I stand then, even though I feel the pressure drop from my head. I feel dizzy, but the screen beyond Dominic’s head sharpens into focus. “Thirty-five dollars and thirty-one cents,” he says. “Oh, look, another eighty-three. Wow.”
“83.65,” I say, because I see something he does not. I see the screen of the GPS as we were hiking—the numbers and decimals—and I feel someone whispering to me, someone real. It’s the closest to June that I’ve ever been, right here, staring at those numbers. She’s telling me something. Something only I see in this moment.
No, I’m not the only one who sees. Cameron’s eyes are soft and focused, and he slides them over to me for a second. He sees it too. I shake my head at him, just the barest shake. But Cameron leans forward and puts his finger on the screen. He seems to change his mind, because he pulls back and says, “Dinner on June tonight?”
But not even Casey laughs.
I don’t know what I’ve done to earn his silence, and I’m not sure if I trust it either, but I’ll take it.
Because those numbers on the screen, they’re coordinates. Put a negative sign before the second number, and it looks a lot like the coordinates here. The money doesn’t mean anything.
It’s a location.
June is trying to show me something.
I close my eyes and commit them to memory, the only place that has ever been safe for me. I close my eyes and recite them in a song, in the way I imagine my mother’s cadence, which is how I commit everything to memory. But this time, it doesn’t work. This time, I see June’s mouth, close to my ear, reciting the numbers. Her white teeth and full lips with the hint of a smile, enunciating them with perfection: 35.31 –83.65, 35.31 –83.65, 35.31 –83.65.

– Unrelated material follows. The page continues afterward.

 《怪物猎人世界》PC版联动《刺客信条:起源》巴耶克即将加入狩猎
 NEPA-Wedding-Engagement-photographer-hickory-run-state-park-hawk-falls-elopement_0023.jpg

It works out the same. I know I won’t forget.
Dominic kicks the machine, and Casey jumps. And I remember this version of him on the island as well. How his confidence, his entire demeanor, became unhinged when things did not go his way. I heard him after he recovered, trying to explain it all away while I was locked in the next room. I heard him kicking the furniture, tossing things to the ground, throwing out accusations that couldn’t hold water. I refused to give any sort of statement at all, which made him even angrier.
I didn’t go his way.
I didn’t then, and I won’t now.
The guards who cycle through are in a division of the National Guard, and most of them are fairly young. It’s not a desirable position—twenty-eight days in, twenty-four-hour responsibility, and they must hold me on a tightrope—I am a human being, not a prisoner, but one who must be balanced and assessed and held at bay but not restrained. I am a portion of their training. I am a goddamn test.

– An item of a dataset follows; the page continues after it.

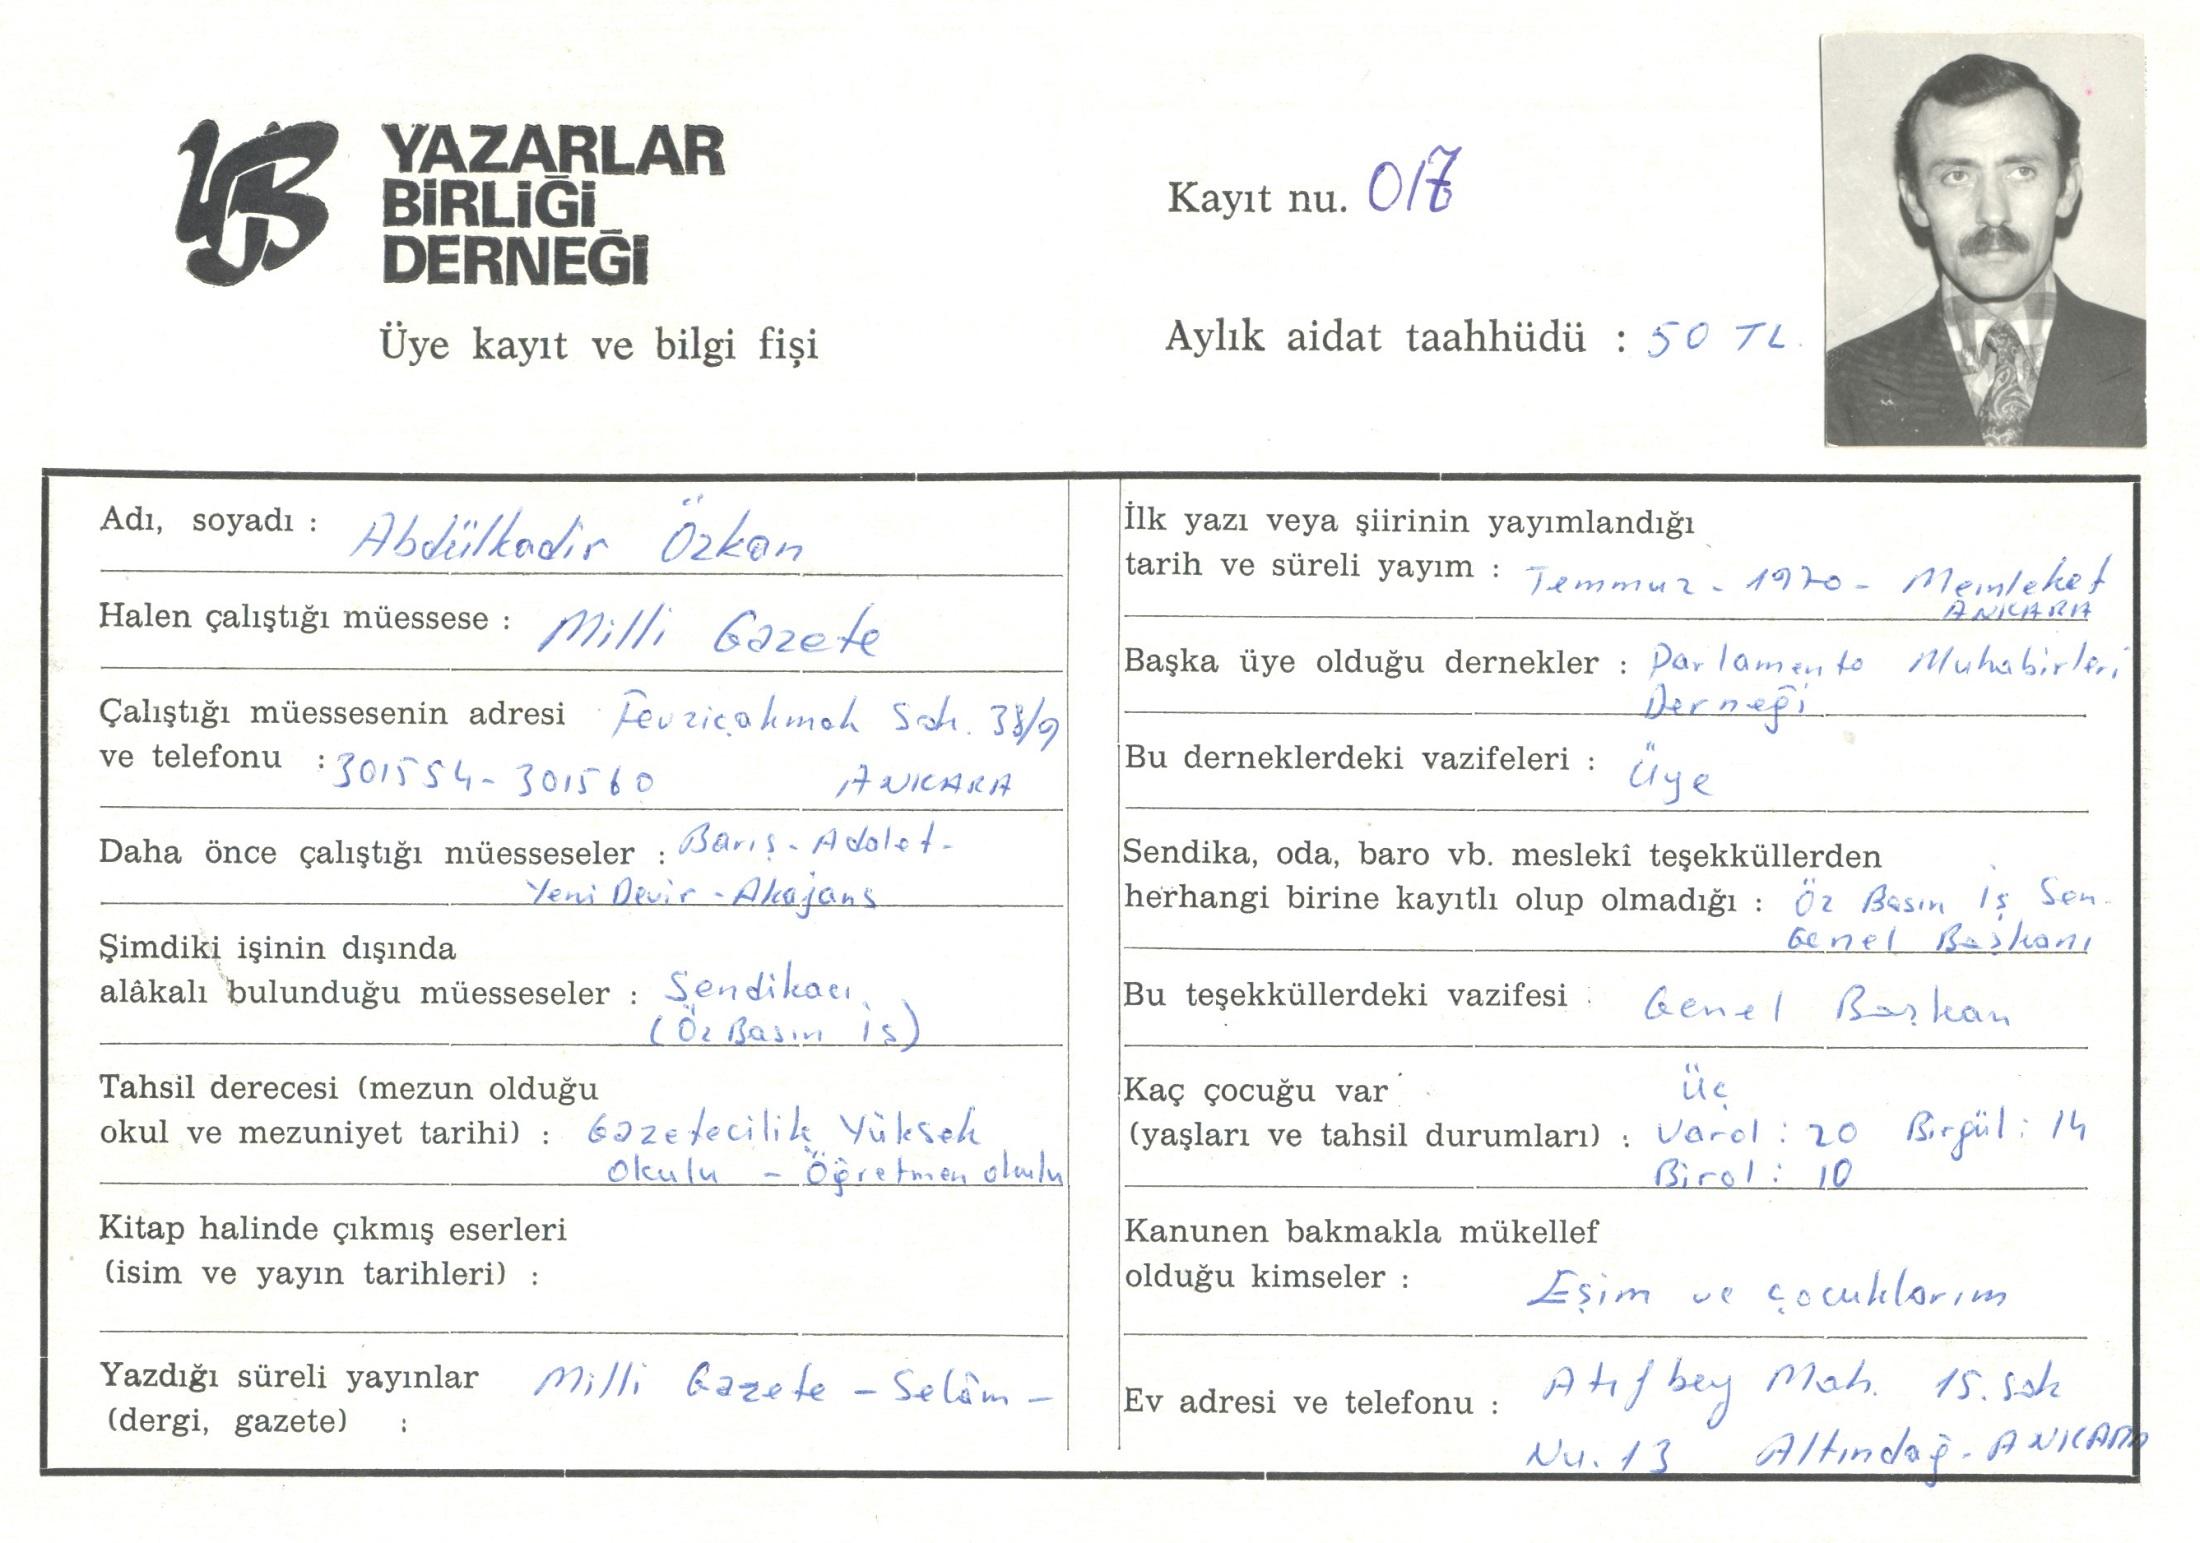 abdulkadirozkan.jpg

And Dominic Ellis flunked the test.
He was too cocky. Too sure of himself. Too sure of me.
I was those things, too. But I was not the one being tested.
Now, I’m being tested. Not by someone else, but this is it. This is the only test that matters. Fail, and my only chance is gone. Will it be another seventeen years before I have another?
Dominic kicks the machine once more, but the machine doesn’t budge. The vials of test tubes on the table beside him rattle and clang against one another when he leans on it to regain his composure. Casey’s eyes are wide, and so are Cameron’s, and he looks at her and nods his head toward the door.
“Nothing changes,” Dominic says as they walk away. He smiles at me. “She hid it,” he says. “She hid the money, just like she hid the clues to the database. The answers are in you, Alina. You’re going to tell me everything.”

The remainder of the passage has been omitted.